Analysis of “Fahrenheit 451” by Ray Bradbury
Fahrenheit 451, which was written by Ray Bradbury, is a dystopian novel that explores the consequences of superficiality and knowledge. This story attracted me because I am interested in learning how society would be different if seeking out awareness was publishable. A positive aspect of this book is that it proposes a scenario in which everyone is in the mindset of every man for himself, therefore envisioning a cruel and dystopian world.
According to Bradbury, his book is a warning. It is a reminder that what we have is valuable sometimes we take that value for granted. (Bradbury, Page xi) Something which I found negative about Fahrenheit 451 was that at times I found the story too fast paced and hard to follow. The author who wrote the book still presents an insightful scenario.

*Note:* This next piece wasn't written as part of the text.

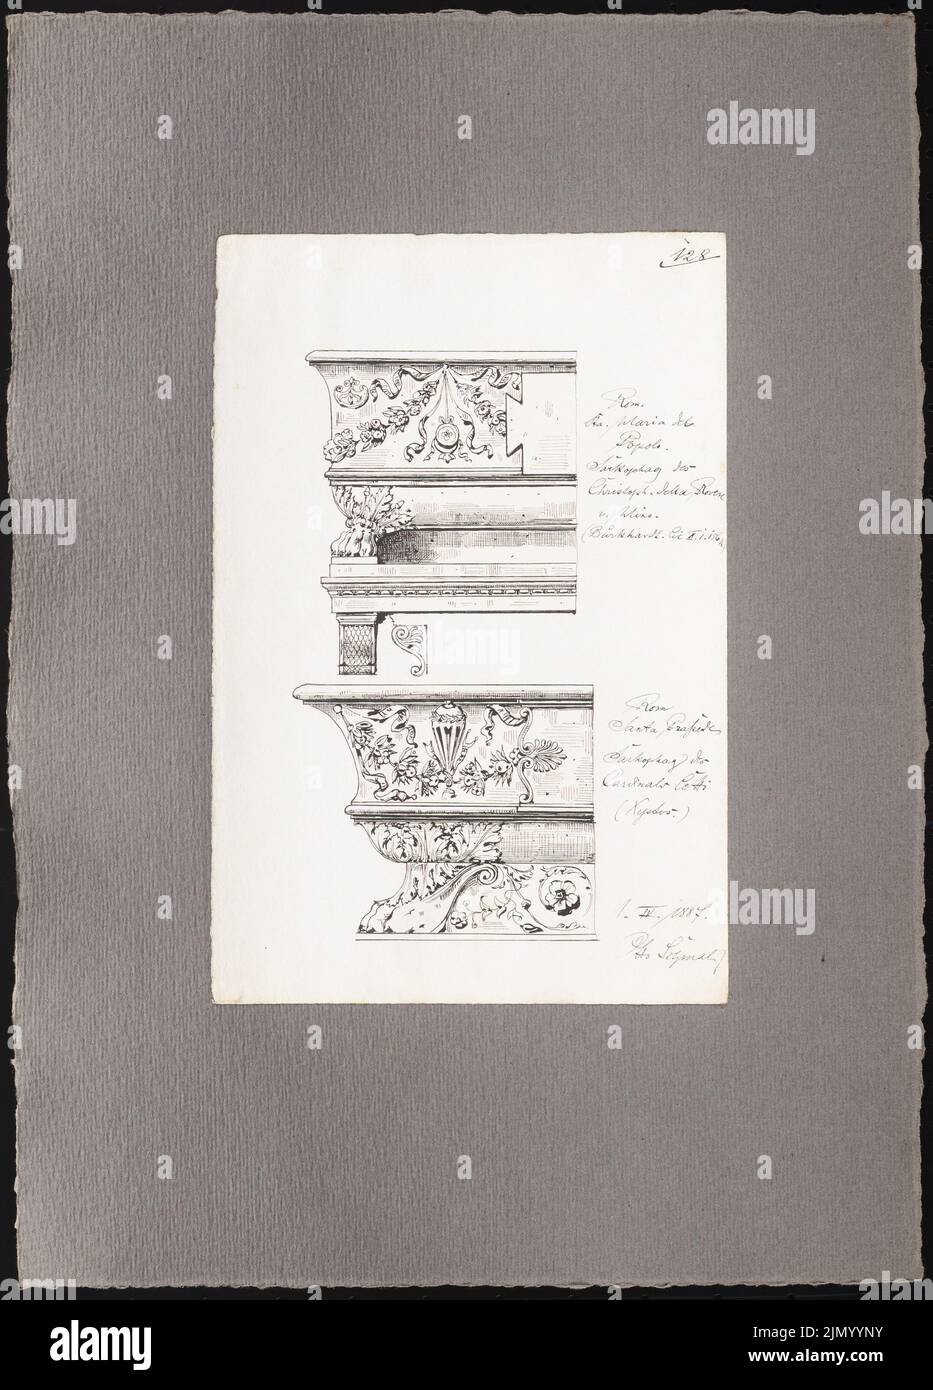 Schmalz Otto (1861-1915), bocetos de viaje de Pompeya, Nápoles y Roma (01.04.1887): Roma: Sarcófagos en la S. Maria del Popolo (vistas). Tinta sobre papel, 42,9 x 30,8 cm (incluidos los bordes de escaneo) Foto de stock

The main character, who is a man, can be seen as both the protagonist and antagonist. Montag shot one continuous pulse of liquid fire on him (Bradbury, Page 113), demonstrates the protagonist side of Montag by showing that he was tired of punishing people for reading, so he killed his boss by burning him. Montag wanted to comprehend books even though it was against his job It was a pleasure to burn. It was a special pleasure to see things eaten, things blackened and changed (Bradbury, Page 1) shows the satisfaction Montag receives from going to people’s homes and burning them down for reading books. Although Montag didn’t understand why, he would burn people’s books.
Writing gives us a warning about our future. Especially when the subject is a dystopian world with many correlations to our own. The story focuses on Guy Montag, Faber, Mildred, Clarisse, and Beatty living in a futuristic United States. The rising action occurs when Montag snatches a Bible and looks to Faber, an old English professor, for help in understanding books. The climax happens when Montag kills his boss and escapes into the forest in search of book lovers after a firefighter chase down. Scared for their lives, Montag and his group want to head back to their town. Montag loves his town but is afraid to return. He and his friend choose to go back even after the bombing.
The story takes place in the United States sometime in the future from the time the book was written. Montag, who is feeling alone, somehow still spreads knowledge to an ignorant society. This works well in the novel. Montage has a paramount purpose but he is despised by everyone.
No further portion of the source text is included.